* [Data below]:
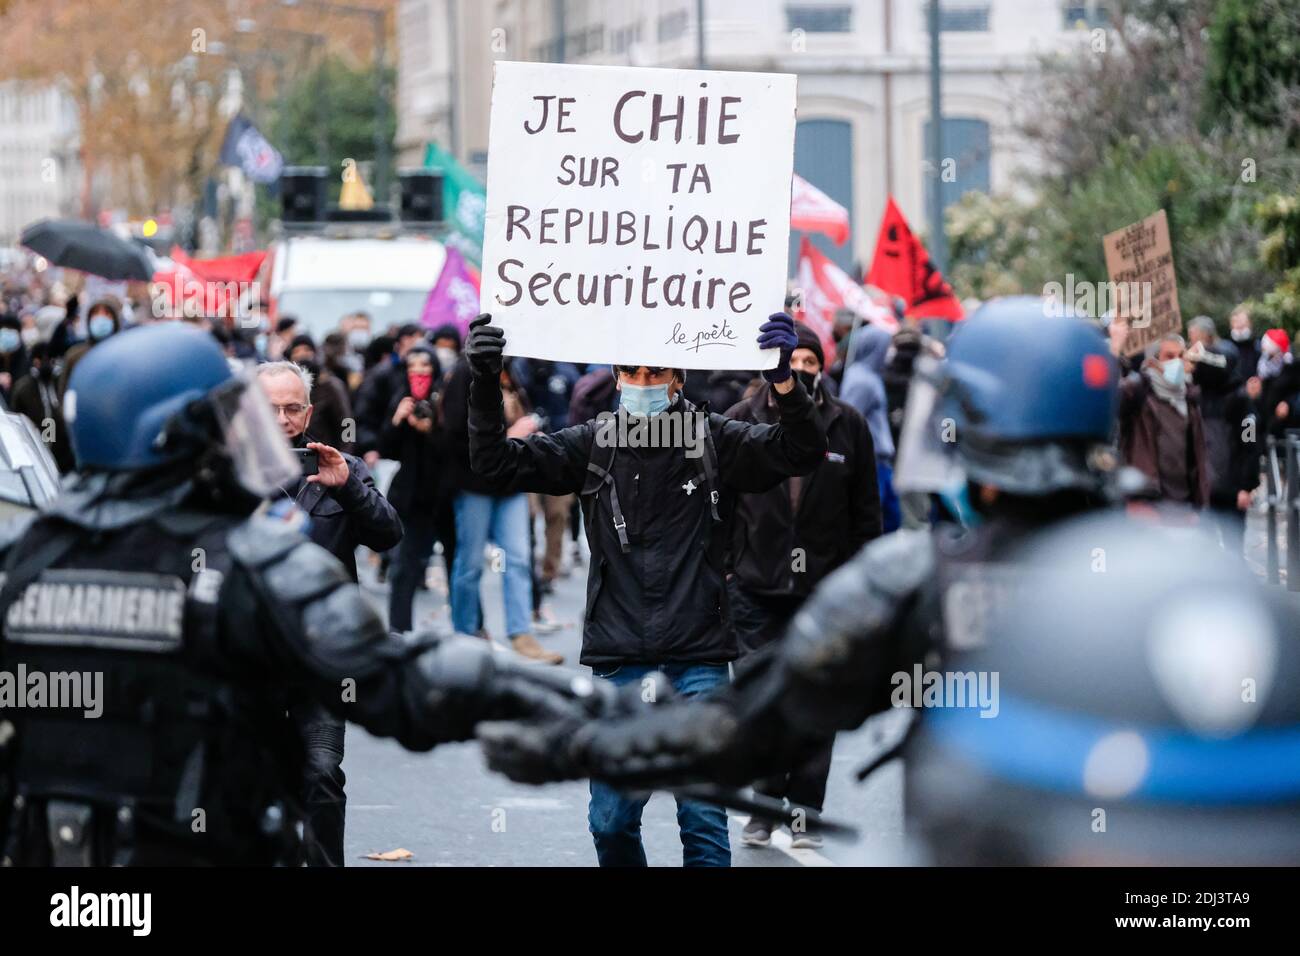 Lyon (France), 12 December 2020. 2000 demonstrators according to the Rhône prefecture for this new pride march in Lyon. Law enforcement in action. Stock Photo
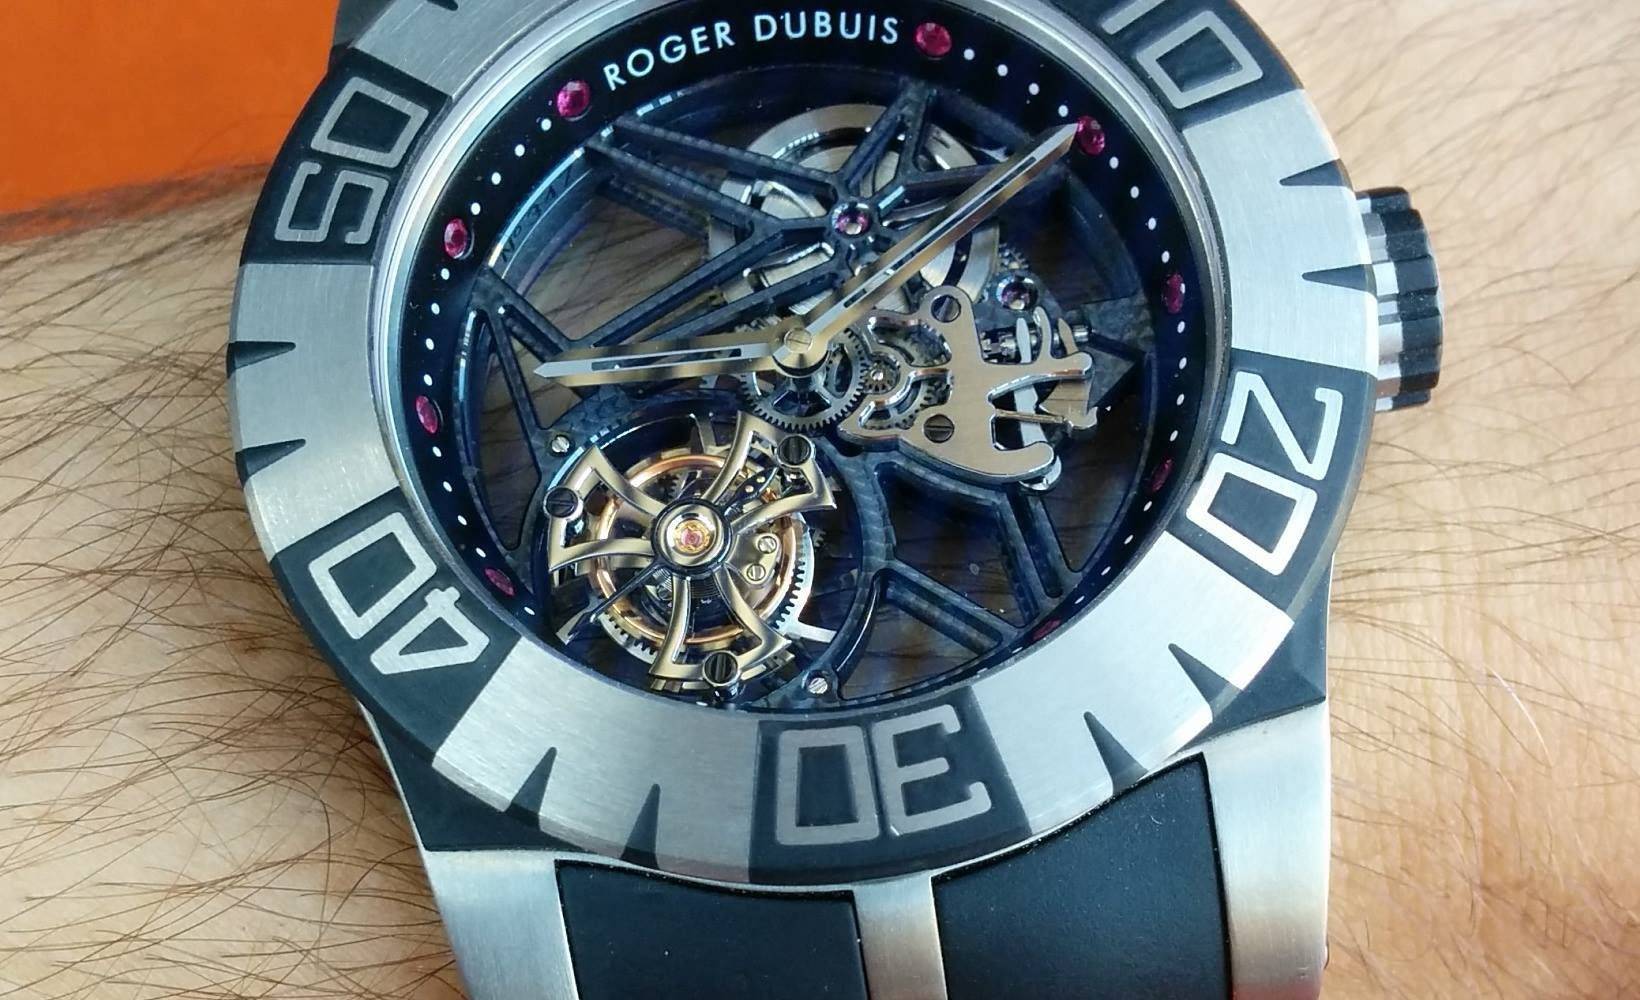 New feature: Candid Review Videos — first up Roger Dubuis Skeleton Tourbillon
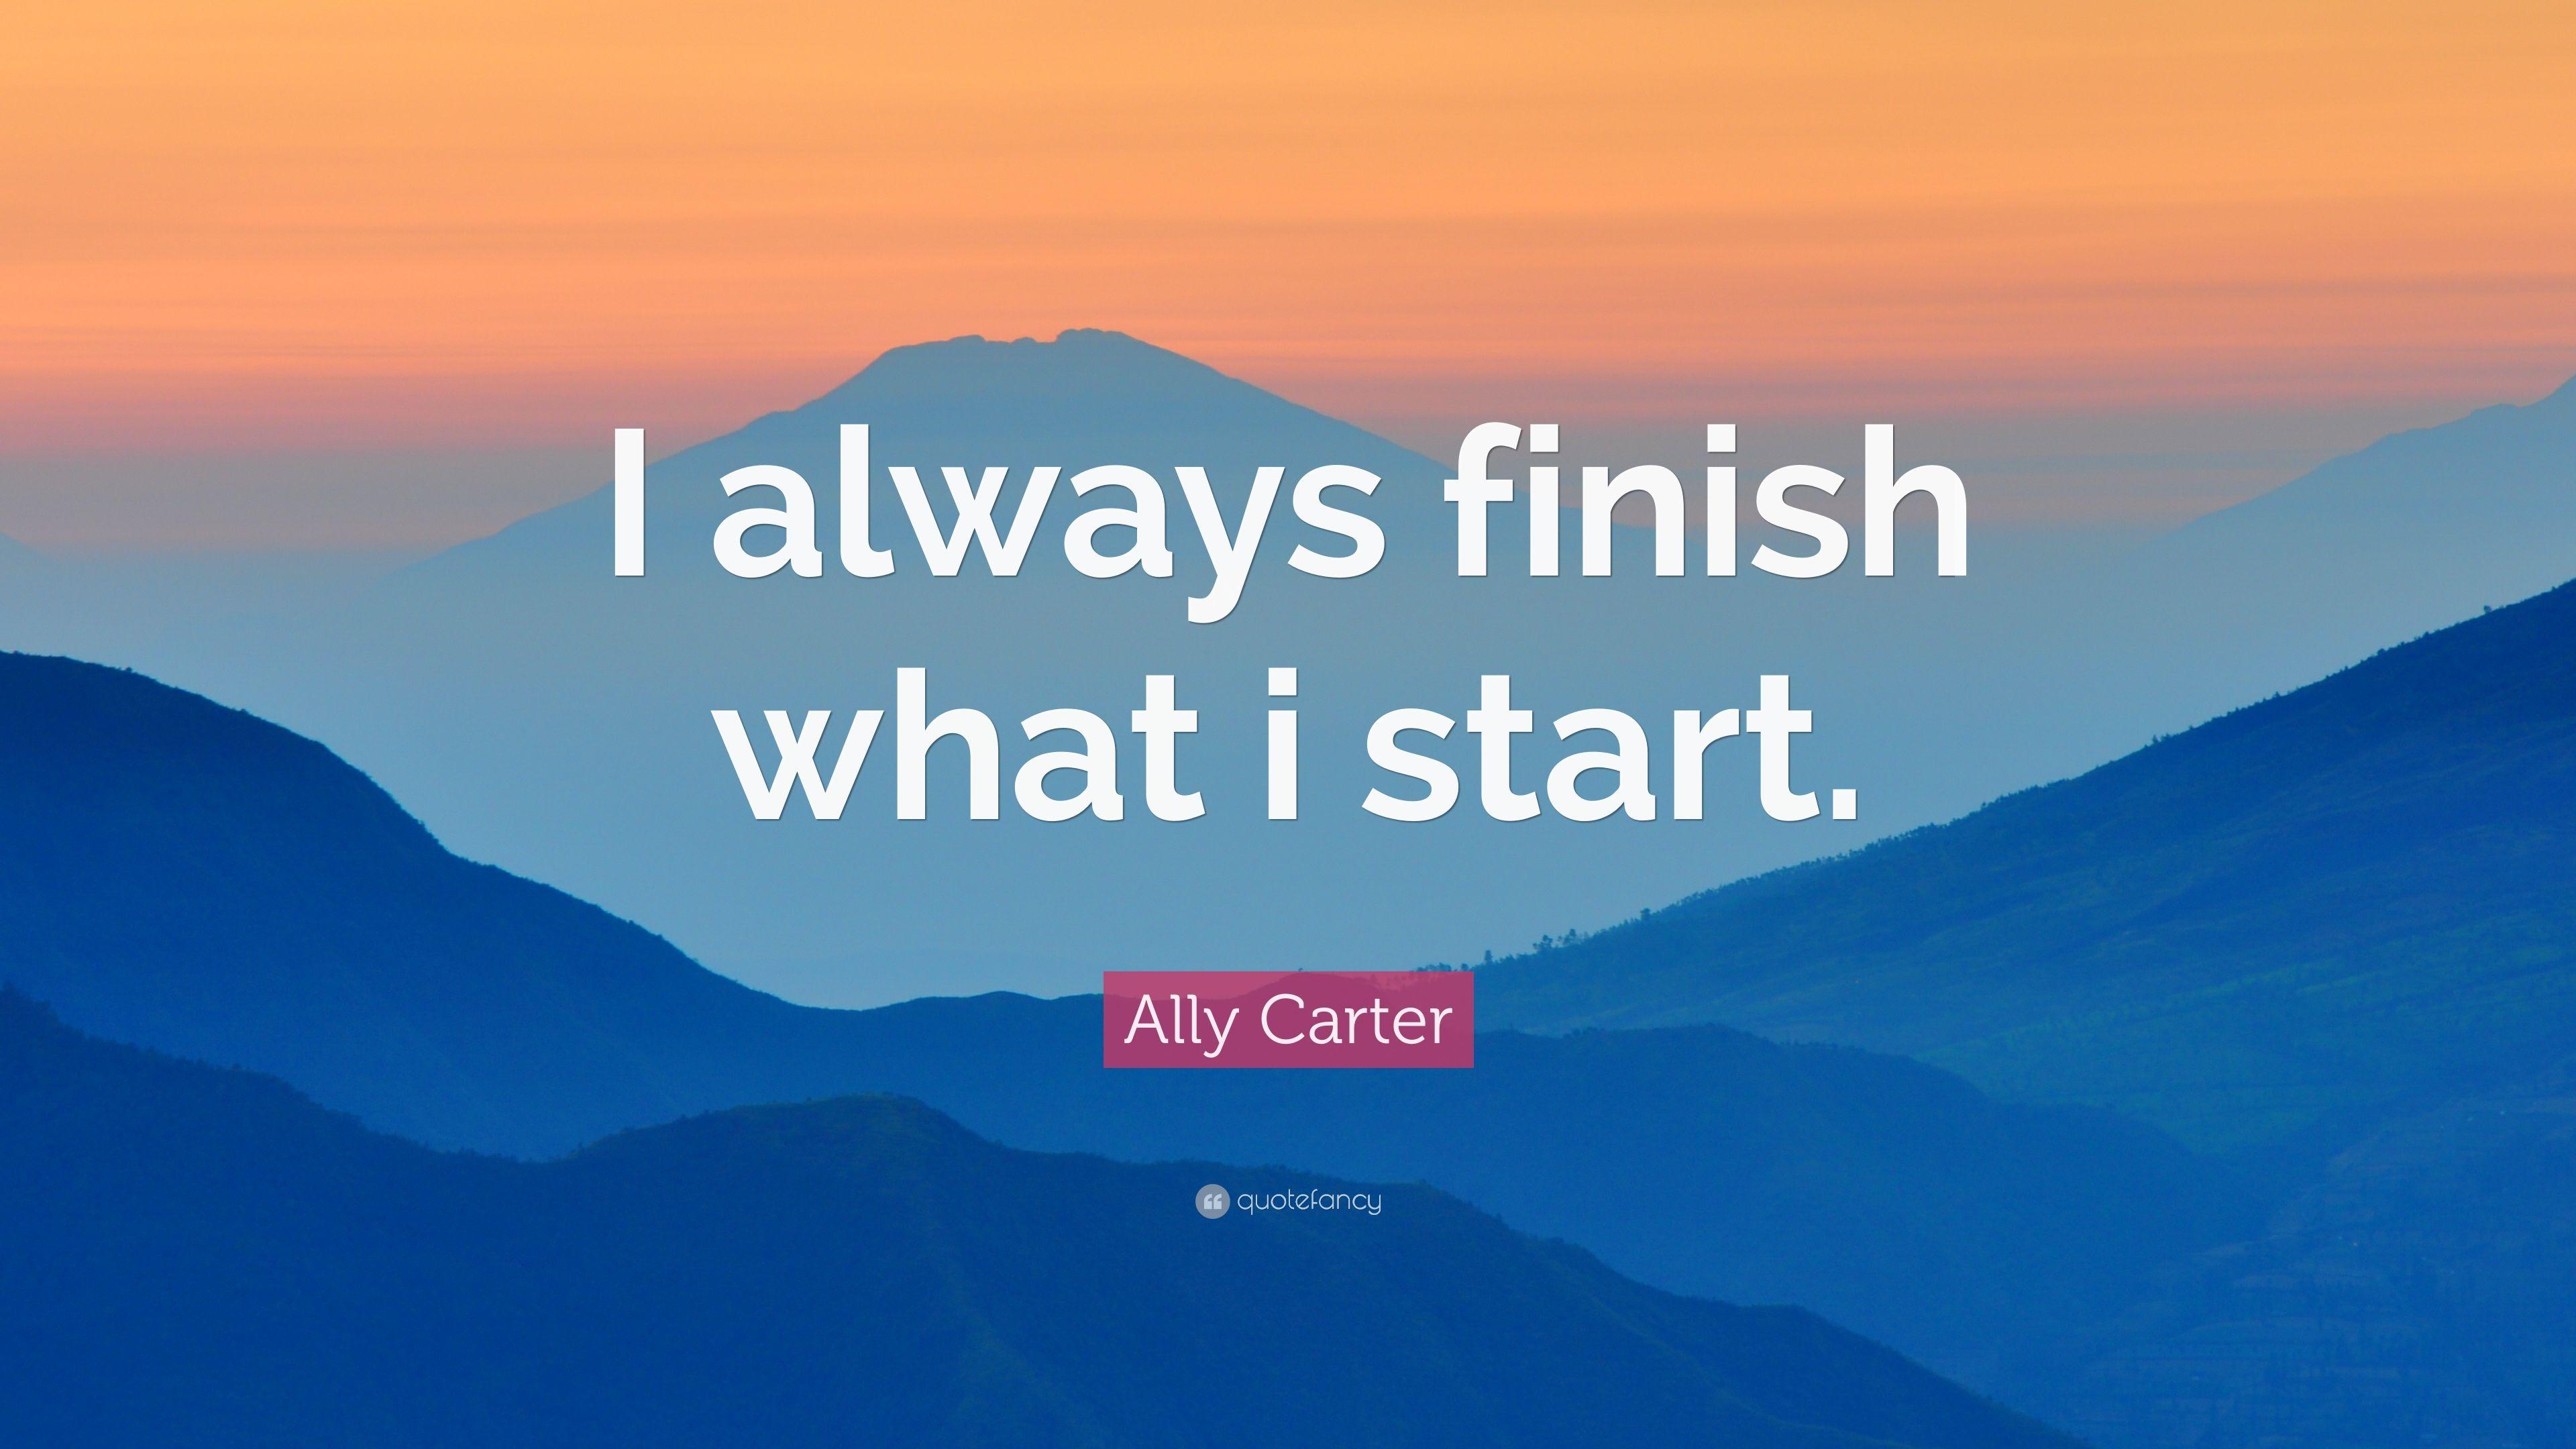 Ally Carter Quote: “I always finish what i start.” 12 wallpaper

* [Goal of the exercise]:
Please give the material above again in full, with no pictures in your version.

* [Answer to this problem]:
 Lyon (France), 12 December 2020. 2000 demonstrators according to the Rhône prefecture for this new pride march in Lyon. Law enforcement in action. Stock Photo
 New feature: Candid Review Videos — first up Roger Dubuis Skeleton Tourbillon
 Ally Carter Quote: “I always finish what i start.” 12 wallpaper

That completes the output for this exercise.